Последней справа, на самом верху, была картина – противопоставление торжеству тьмы. На ней сиял золотом лучистый шар, воплощающий последний закат древнейших легенд, а на переднем плане, держась за руки, стояли печальные Отец и Мать человечества, и каждый вскинул руку то ли в приветствии, то ли в последнем прощании с веками радости, правившими тогда небесами.
Радостно было мне думать, что даже древний я, создававший эту картину, не считал дни света ребяческим мифом.
Я уперся плечом в резную створку, и дверь открылась.
Разумеется, то была дверь музея. Внутри я нашел пыльные и ржавые остатки стеллажей и экспонатов: почерневшие механизмы, тусклое стекло и пустые книжные полки. Но один из механизмов, имевший форму гроба, еще блестел. И сквозь оконце лился свет.
Этот механизм, давно забытый в Последнем Редуте, задерживал биотическое движение, которое мы называем жизнью, замораживая, а затем бережно отогревая и оживляя каждую клетку тела в отдельности. Такие аппараты использовались в далекие эпохи, когда человек уходил в пространство Вселенной, но те, кто проспал в них слишком долго, выходили измененными. Их тревожили странные сны, навеянные разумом, странствующим в глубочайшей межзвездной бездне, и верность их уже не принадлежала Земле.
В саркофаге лежал Перитой.
Я стер с окошка изморозь, чтобы заглянуть внутрь. Он был страшно искалечен: рубец пересекал пустые глазницы, левая рука отрублена у локтя. Неудивительно, что он даже не пытался вернуться в Последний Редут: слепой калека без ампулы.
Несколько минут поисков – и я нашел в нише "глаз врача". Через мыслепровод, безжалостно выдранный из пишущей машины, я подключил его к саркофагу и наводил "глаз", пока изображение Перитоя не стало отчетливым.
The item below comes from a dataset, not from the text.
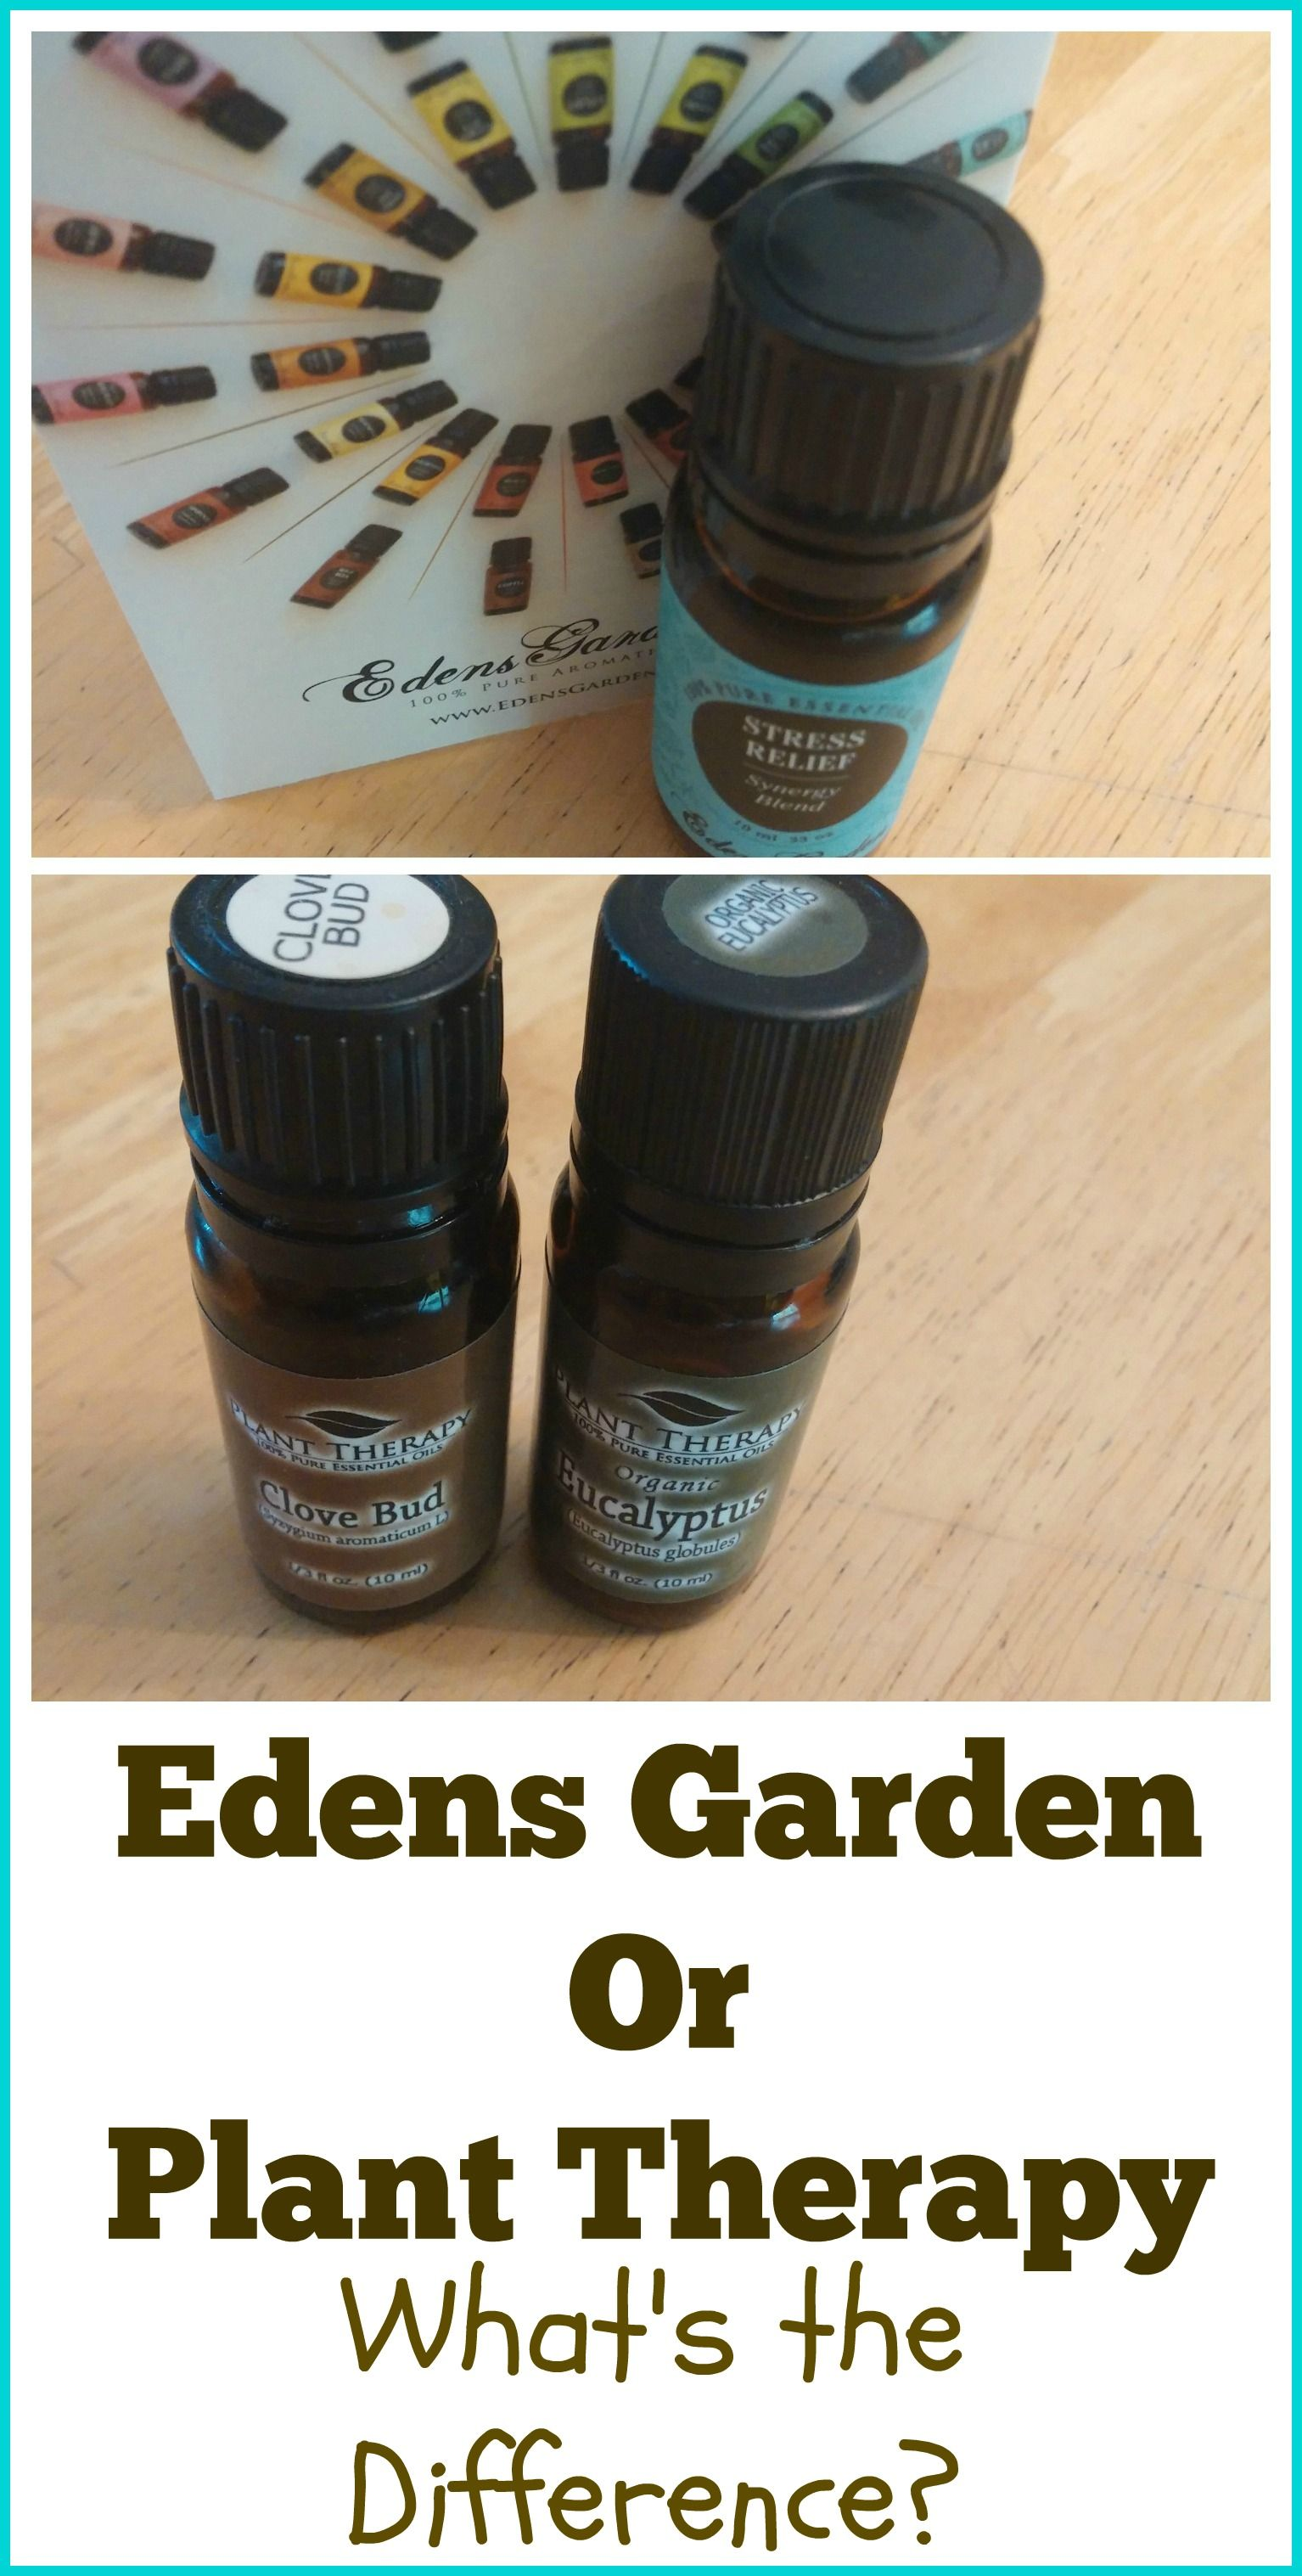 Edens Garden vs Plant Therapy Plant therapy, Edens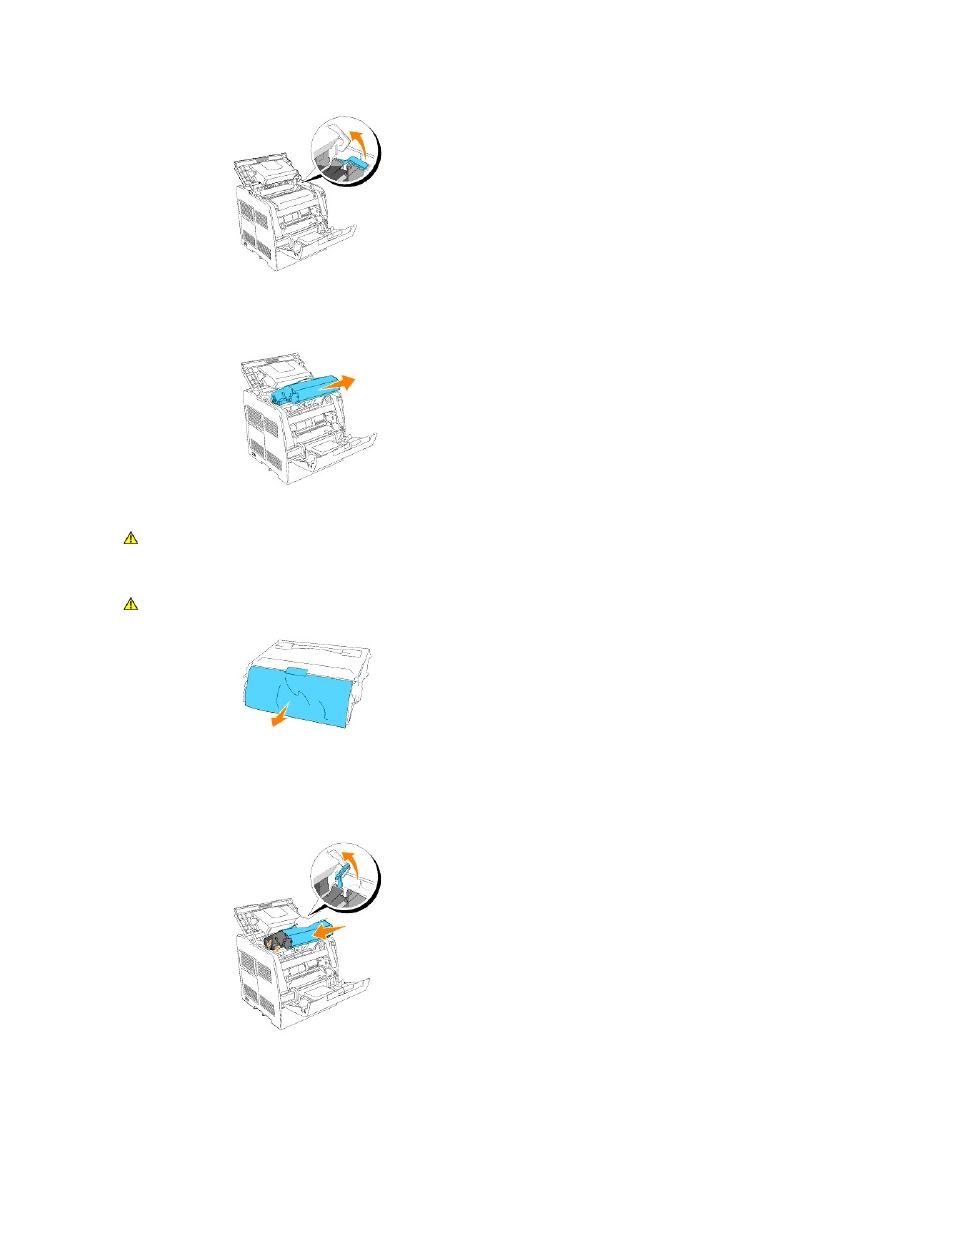 dell 3100cn color laser printer user manual page 83 219 rh manualsdir com Dell 3100Cn Drum Cartridge Dell 3100Cn Specs

Там, на дне его души, сверкая в путанице ассоциаций, снов, страхов и темных мыслей, словно Последний Редут, осажденный страхами и все же бесстрашный, лежало то, что знает и узнает в нас Главное Слово.
Я прошептал Главное Слово. Сияющий, неподвластный времени осколок в его душе дрогнул в радостном узнавании.
Человек. Перитой остался человеком.
Главное Слово затронуло в нем что-то. Нервы и кровь замерзли, но в мозгу сохранилось достаточно жизни, чтобы мысль пробилась сквозь стены саркофага и коснулась моего мозга.
"Ты пришел!"
– Я пришел.
Не было неожиданностью, что замороженный человек способен все же слышать и посылать мысли. Если бы этот способ сохранения жизни останавливал и сохранял также ее духовную суть, звездные странники древних не кончали бы жизнь в кошмаре, потому что пересекающий пространство остался бы глух к шепоту темных эфирных далей и вернулся бы из пустоты целым и в здравом уме.
"Убей меня, а затем и себя. Мы окружены силами дома Безмолвия".
– Я пришел спасти тебя, а не убить.
"Я заслуживаю смерти. Я погубил Мирдат".
– Мирдат? Она жила и умерла за много поколений до нас.
"Элленор. Я подразумевал Элленор. Мою единственную любовь, прекраснейшую деву, какую знала наша пирамида. Она должна была стать моей невестой. И ее дитя убил я. Дитя в ее чреве тянулось и касалось моего разума и говорило мне то, чего я не смел слушать".
– Твое дитя?
"Нет. Дитя создания, унесшего ее в Башню Без Дверей и там изнасиловавшего. Ее лоно изменили, чтобы заставить ее выносить нечеловека".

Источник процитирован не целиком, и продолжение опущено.